Below are the records; copy out every line that holds the word "Wallpaper".

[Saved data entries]
BEGIN
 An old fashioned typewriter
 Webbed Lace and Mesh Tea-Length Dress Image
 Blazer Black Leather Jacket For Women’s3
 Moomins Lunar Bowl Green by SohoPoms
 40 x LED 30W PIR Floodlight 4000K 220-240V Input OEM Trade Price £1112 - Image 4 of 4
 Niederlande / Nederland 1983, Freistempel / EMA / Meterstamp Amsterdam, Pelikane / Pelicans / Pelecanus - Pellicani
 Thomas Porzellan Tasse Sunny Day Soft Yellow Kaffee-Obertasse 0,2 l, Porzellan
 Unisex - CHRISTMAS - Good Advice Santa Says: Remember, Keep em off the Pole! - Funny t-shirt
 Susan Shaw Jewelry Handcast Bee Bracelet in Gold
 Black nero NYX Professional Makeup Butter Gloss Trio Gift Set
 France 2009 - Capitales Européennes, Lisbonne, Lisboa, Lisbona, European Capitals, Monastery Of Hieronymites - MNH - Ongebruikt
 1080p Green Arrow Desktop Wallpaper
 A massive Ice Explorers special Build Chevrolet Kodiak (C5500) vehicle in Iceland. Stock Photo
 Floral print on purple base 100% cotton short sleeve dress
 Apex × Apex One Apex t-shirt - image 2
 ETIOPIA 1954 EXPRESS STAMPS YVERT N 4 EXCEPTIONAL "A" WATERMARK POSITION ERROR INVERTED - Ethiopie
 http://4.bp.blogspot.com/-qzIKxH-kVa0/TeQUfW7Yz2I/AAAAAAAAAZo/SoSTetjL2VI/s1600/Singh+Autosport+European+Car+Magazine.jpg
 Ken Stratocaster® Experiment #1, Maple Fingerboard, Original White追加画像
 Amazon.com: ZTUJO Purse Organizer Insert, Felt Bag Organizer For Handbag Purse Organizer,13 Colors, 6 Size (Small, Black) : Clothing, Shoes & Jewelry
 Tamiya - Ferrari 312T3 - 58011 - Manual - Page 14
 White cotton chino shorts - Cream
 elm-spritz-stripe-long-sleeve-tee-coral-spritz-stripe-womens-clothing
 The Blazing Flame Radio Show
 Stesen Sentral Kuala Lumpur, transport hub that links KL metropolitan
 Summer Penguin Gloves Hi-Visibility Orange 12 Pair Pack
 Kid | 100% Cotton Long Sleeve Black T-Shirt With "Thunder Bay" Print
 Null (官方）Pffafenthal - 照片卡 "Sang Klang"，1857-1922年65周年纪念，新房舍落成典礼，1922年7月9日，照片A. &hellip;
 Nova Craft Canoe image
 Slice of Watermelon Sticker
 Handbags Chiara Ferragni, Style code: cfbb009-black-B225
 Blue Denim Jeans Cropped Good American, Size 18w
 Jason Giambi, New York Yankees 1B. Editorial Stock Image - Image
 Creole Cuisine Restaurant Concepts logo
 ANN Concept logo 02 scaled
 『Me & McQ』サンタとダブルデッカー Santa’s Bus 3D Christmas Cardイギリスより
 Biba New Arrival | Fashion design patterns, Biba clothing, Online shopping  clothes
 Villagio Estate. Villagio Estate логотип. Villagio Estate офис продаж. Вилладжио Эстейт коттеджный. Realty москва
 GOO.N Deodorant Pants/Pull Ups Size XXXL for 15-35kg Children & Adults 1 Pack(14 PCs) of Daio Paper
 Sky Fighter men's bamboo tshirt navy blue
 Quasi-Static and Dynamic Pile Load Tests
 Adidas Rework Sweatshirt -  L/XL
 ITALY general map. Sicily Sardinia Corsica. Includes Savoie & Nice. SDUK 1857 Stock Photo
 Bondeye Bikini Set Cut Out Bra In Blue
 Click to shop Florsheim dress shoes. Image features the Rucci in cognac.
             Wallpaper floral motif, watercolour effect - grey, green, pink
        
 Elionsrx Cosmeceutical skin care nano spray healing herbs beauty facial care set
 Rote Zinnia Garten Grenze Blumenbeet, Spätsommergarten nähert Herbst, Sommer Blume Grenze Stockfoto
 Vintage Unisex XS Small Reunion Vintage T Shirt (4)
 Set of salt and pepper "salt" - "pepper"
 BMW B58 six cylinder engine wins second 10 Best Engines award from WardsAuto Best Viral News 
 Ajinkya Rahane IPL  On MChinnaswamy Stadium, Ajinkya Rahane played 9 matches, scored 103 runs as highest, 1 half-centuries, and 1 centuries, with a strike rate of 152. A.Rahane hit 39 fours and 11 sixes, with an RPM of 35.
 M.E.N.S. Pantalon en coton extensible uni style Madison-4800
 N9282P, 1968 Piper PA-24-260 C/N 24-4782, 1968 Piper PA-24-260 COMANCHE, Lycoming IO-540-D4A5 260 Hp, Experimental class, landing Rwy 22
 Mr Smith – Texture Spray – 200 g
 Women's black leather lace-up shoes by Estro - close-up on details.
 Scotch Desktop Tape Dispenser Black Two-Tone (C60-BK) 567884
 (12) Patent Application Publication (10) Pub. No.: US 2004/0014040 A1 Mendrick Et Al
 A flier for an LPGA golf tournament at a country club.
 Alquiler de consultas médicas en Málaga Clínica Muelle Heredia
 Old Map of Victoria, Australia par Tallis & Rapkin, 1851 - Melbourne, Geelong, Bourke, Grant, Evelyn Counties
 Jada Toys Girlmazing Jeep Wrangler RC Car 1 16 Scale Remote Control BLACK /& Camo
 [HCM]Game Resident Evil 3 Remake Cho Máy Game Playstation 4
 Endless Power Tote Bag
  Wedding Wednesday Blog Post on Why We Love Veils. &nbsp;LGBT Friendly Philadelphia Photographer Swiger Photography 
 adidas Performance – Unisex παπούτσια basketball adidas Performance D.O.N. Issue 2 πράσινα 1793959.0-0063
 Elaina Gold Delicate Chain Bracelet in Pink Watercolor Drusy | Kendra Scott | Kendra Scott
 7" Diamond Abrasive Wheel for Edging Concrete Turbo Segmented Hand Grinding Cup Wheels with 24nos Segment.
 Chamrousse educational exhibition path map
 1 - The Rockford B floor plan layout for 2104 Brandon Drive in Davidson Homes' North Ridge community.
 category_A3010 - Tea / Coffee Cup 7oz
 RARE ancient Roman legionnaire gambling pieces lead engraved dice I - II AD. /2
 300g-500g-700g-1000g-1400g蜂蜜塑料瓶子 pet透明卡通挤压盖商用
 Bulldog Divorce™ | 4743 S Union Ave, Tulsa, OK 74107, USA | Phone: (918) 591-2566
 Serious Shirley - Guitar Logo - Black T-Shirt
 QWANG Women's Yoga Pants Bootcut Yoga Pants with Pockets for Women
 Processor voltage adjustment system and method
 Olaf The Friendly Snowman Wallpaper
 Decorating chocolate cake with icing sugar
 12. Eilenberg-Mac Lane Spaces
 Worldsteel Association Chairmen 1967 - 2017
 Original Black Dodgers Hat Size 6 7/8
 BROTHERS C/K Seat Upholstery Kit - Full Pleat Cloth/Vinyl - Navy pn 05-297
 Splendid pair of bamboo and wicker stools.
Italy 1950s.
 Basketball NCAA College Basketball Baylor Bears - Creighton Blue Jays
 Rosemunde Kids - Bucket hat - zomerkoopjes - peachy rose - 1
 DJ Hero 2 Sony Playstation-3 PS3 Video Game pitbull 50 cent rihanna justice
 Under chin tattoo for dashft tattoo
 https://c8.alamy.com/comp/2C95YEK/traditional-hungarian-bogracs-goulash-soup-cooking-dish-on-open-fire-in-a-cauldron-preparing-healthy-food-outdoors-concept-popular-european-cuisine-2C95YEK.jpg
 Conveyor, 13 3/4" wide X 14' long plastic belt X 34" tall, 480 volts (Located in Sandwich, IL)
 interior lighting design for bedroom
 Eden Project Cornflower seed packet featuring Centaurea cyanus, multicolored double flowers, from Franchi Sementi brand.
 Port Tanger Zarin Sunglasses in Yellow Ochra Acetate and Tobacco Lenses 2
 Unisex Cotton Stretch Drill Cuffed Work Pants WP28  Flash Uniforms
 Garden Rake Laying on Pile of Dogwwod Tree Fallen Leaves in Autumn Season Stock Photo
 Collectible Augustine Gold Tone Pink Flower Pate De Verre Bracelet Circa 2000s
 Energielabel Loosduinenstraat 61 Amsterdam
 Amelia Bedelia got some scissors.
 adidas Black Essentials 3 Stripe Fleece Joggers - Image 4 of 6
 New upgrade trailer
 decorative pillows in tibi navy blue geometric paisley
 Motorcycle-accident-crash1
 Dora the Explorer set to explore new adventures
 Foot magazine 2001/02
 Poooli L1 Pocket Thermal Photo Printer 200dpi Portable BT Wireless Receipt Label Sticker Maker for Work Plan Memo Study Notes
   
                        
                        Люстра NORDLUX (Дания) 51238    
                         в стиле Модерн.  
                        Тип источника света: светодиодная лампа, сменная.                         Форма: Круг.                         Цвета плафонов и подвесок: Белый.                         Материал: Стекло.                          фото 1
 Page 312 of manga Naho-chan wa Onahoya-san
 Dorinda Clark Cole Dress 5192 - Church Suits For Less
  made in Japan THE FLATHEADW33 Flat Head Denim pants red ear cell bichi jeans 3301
END
▶ _Output for this task_
 1080p Green Arrow Desktop Wallpaper
             Wallpaper floral motif, watercolour effect - grey, green, pink
 Olaf The Friendly Snowman Wallpaper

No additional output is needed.